Where can I find more such calculations, and perhaps supporting information?

[CalMeacham]

It’s a polynomial fit. I’ve used them often enough. One time I used a 17th order polynomial to fit observed data because it gave such a good and useful fit.
It’s tantalizing to do all your fits this way, but you should always keep an eye out for the form that would most naturally firt the observed data with the fewest terms. Sometimes genuine physical insight comes that way (Planck’s fit to the blackbody curve, for instance).

Also, if the curve isn’t pretty close to the existing data, don’t use that fit. An ideal least-square type fit is one that does a pretty good job 0of following the actual data, allowing for noise. I had to yell at a colleague who was using a quadratic fit to widely-spaced points that it wasn’t following particularly closely. What was the point? the better fit was a cubic equation, since we knew that data was supposed to be asymmetrical, and that was the lowest order asymmetric polynomial (and fit pretty well in that region. I was able to demonstrate later theoretically that a cubic was the lowest-order approximation.)
A nice thing about polynomial fits is that you can easily perform the math using linear algebra to determine the coefficients.

[Stranger_On_A_Train]

CalMeacham:

It’s a polynomial fit. I’ve used them often enough. One time I used a 17th order polynomial to fit observed data because it gave such a good and useful fit.

I have to ask: what would you fit with a 17 order polynomial that would be a valid fit, and how many data points did you have?

I’ve done regression fits up to forth order (for backfitting a model of a differential control system) and I’ve used p-element structural FE codes that go up to order 9, but I have a hard time envisioning anything like a real world 17th order system. Is this an economic model, perhaps?

Stranger

[ultrafilter]

Stranger On A Train:

I have to ask: what would you fit with a 17 order polynomial that would be a valid fit, and how many data points did you have?

17th-order models work really well when you have 18 observations.

[CalMeacham]

I have to ask: what would you fit with a 17 order polynomial that would be a valid fit, and how many data points did you have?
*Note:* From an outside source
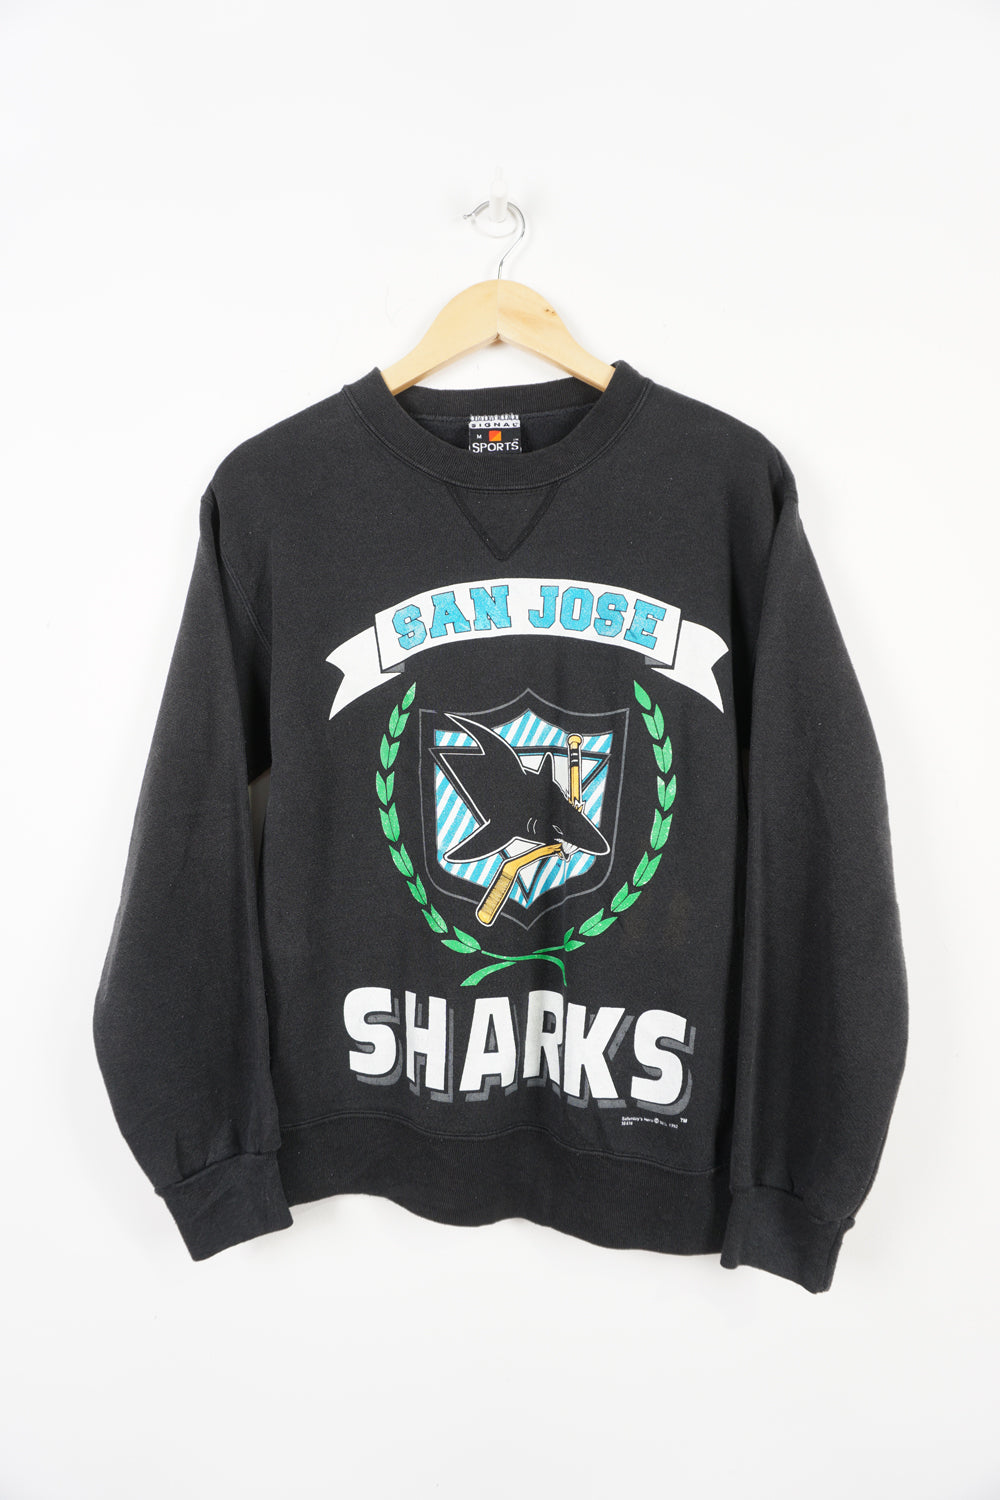 1991 San Jose Sharks Crewneck Sweater NHL Hockey USA VTG 90s

It was an engineering problem – we were looking at the deviation of a surface from perfectly flat. The measurement method gave us a very noisy trace overlying the generally smooth and slowly-varying bumps and wiggles that were the true surface peofile. I simply used a polynomial fit to look at that underlying function in order to get the true surface deviations from flatness, and I needed an order as high as 17th to get all the bumps in there. A polynomial fit was actually easier and quicker than averaging, and has much less residual noise. If the thing we were measuring had been half as long, Icould’ve used a nintgh order polynomial.

[Stranger_On_A_Train]

ultrafilter:

17th-order models work really well when you have 18 observations.

Sure, you can make a 17th order polynomial fit with 18 data points, but would it mean anything and/or be useful? The point of doing a curve fit, after all, is that you end up with a function that is easily differentiable or otherwise capable of being interpreted, and more importantly, functions as an accurate model for interpolation between points or (perhaps) extrapolation beyond the data set. A 17th order polynomial, however, is likely to look like the Andes, bouncing up and down.
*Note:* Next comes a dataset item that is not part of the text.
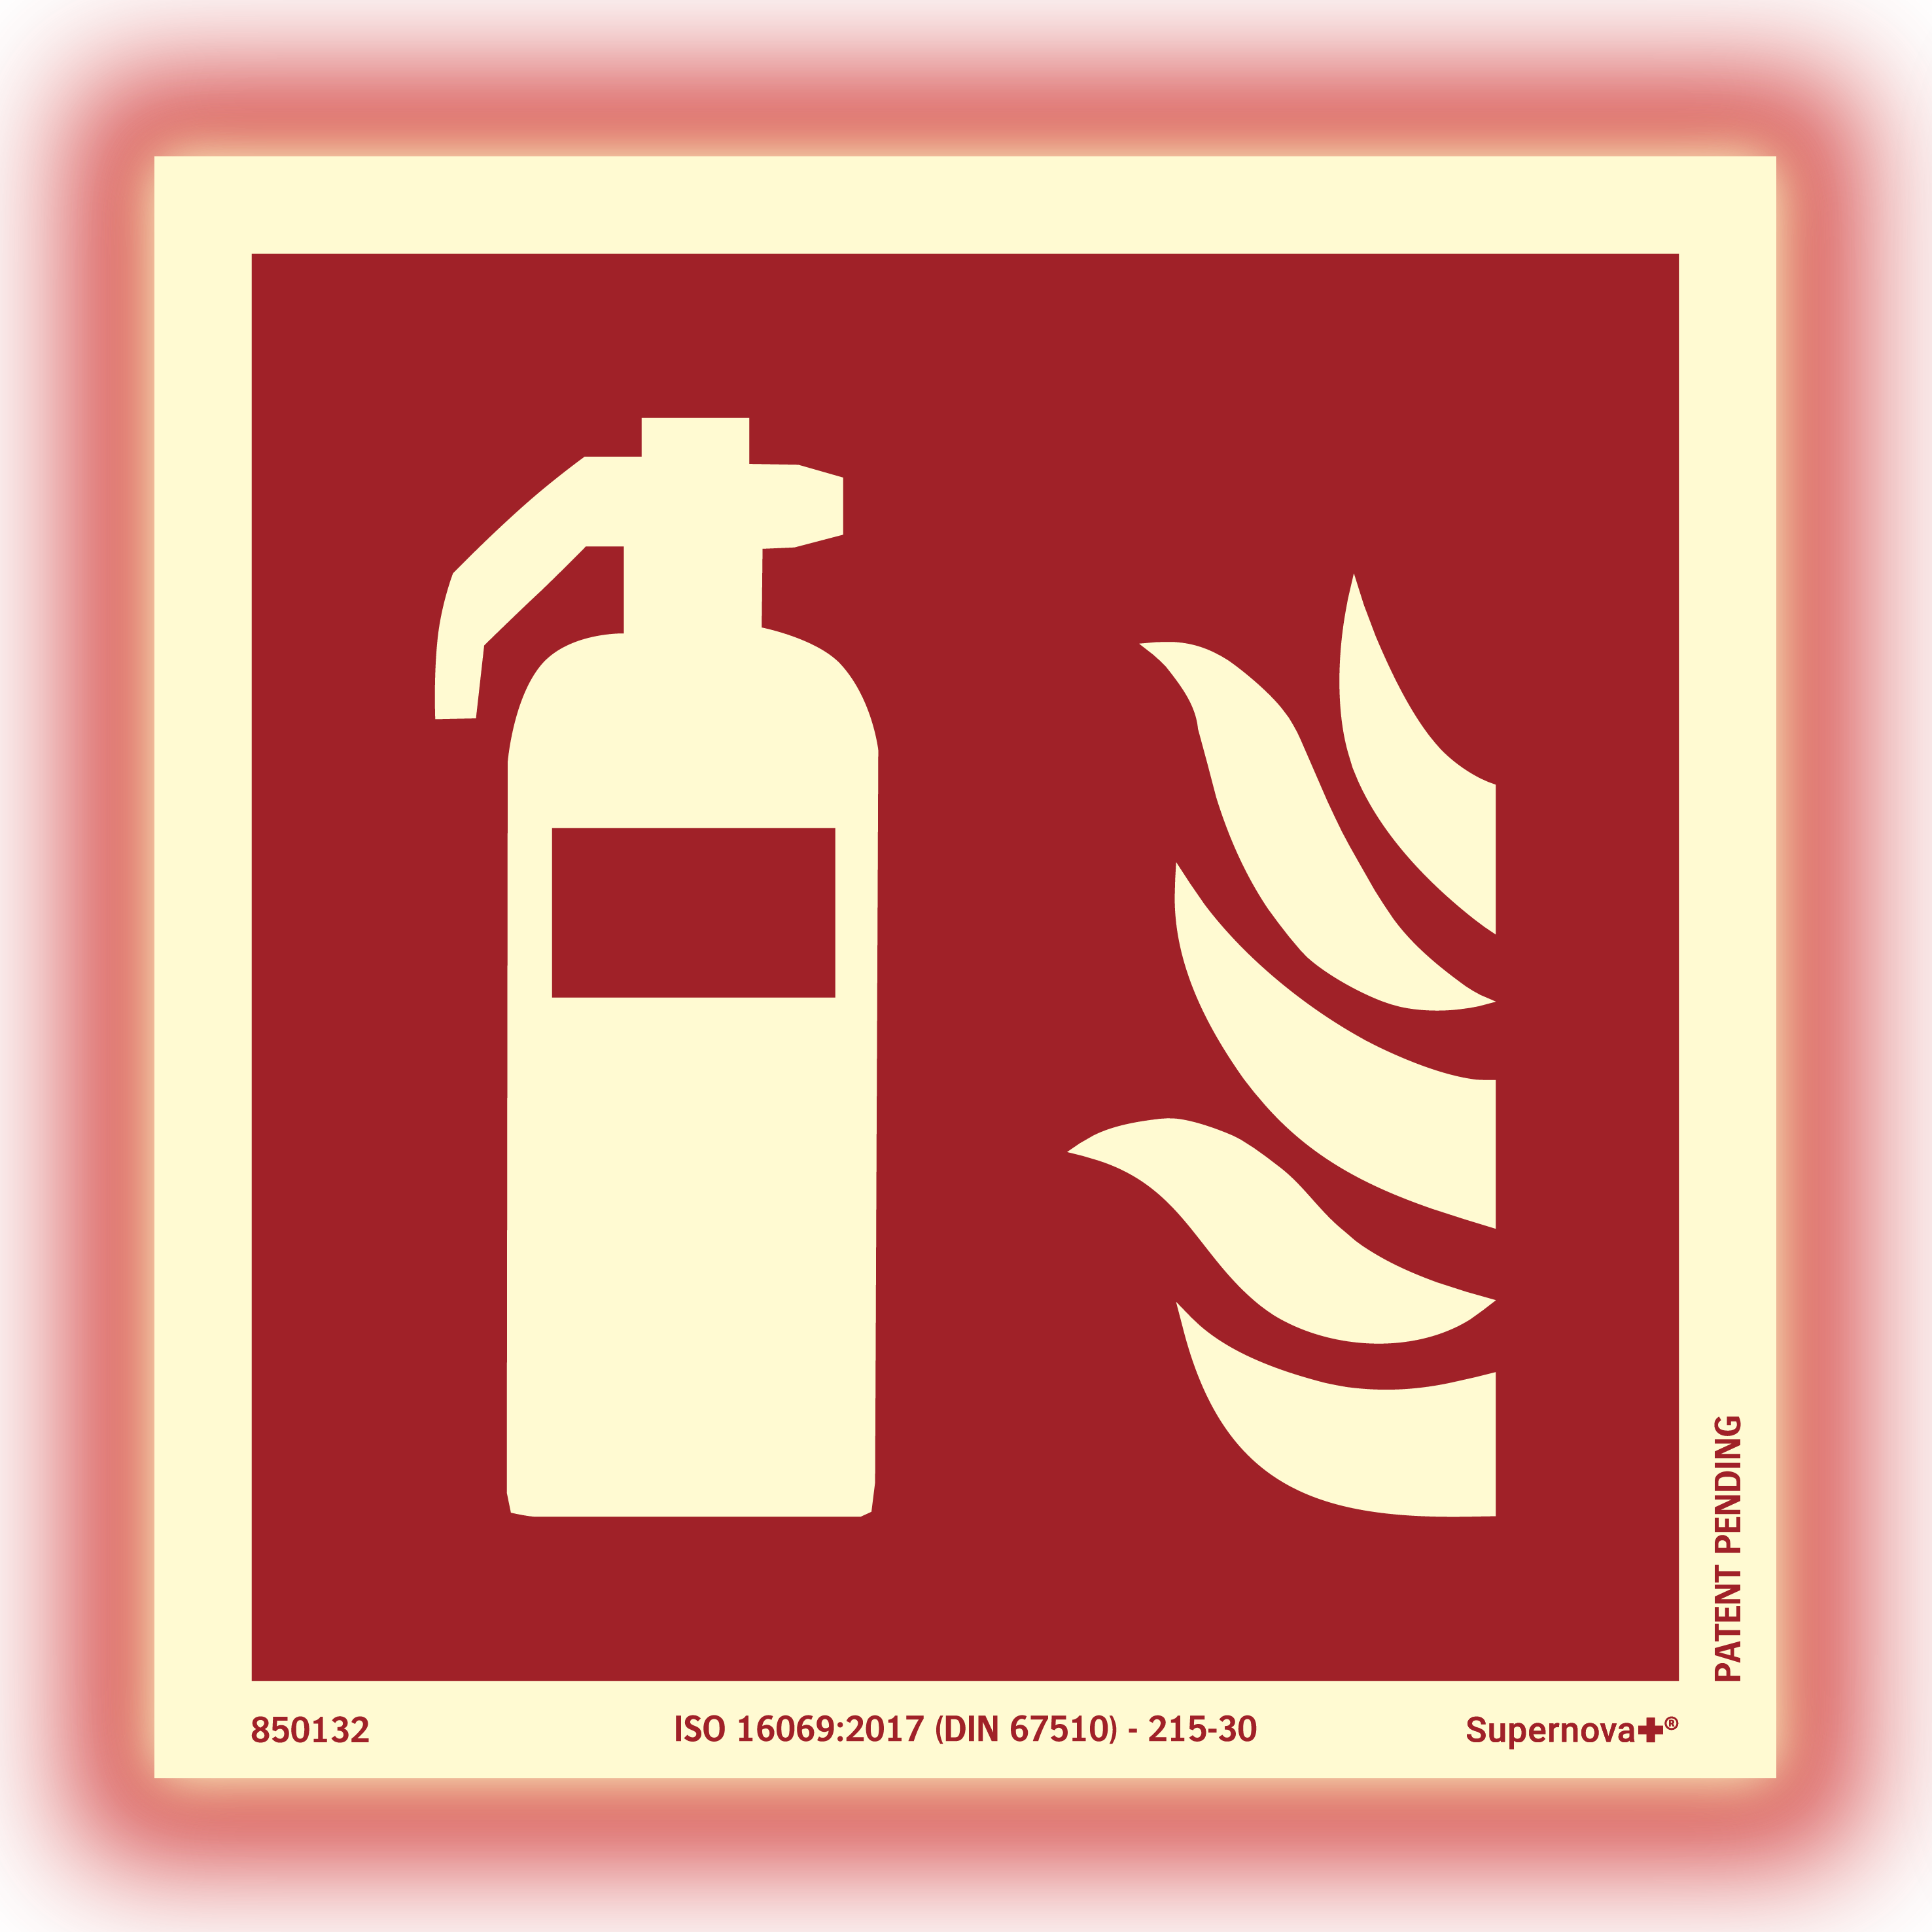 Supernova+® Fire extinguisher

I’m not doubting CalMeacham’s application of such a high order regression, mind you, since I have no idea what kind of data he was working with and what type of behavior he was modeling, but I just can’t imagine anything in my own experience in which such a system would be valid.

Pointless engineering anecdote: I was once working with a freshly minted engineer, teaching him the ins and outs of a then-popular commercial p-element code, and then sent him on his way to analyze a simple bracket that I’d previously worked on and was in production. Now, this code had an automatic meshing system that was, to be generous, a little wonky, and it would produce meshes that I considered error-prone despite the limits you would put on it; high angles, bad edge ratios, poor skewness and jacobian values, et cetera. The vendor who then owned the code assured users that this wasn’t a problem because it would just ramp up the p-order of the elements and this would “fix” the problem. :rolleyes: Anyway, Junior E does his analysis and comes back with massive stress risers all over the place which exceed the materal elastic limits by a factor of 4 or 5. He immediately calls up the engineer in charge of the product line to notify him, and a whole hubaloo goes on before I get involved. (I think I was out of the office when he did this, but whatever.)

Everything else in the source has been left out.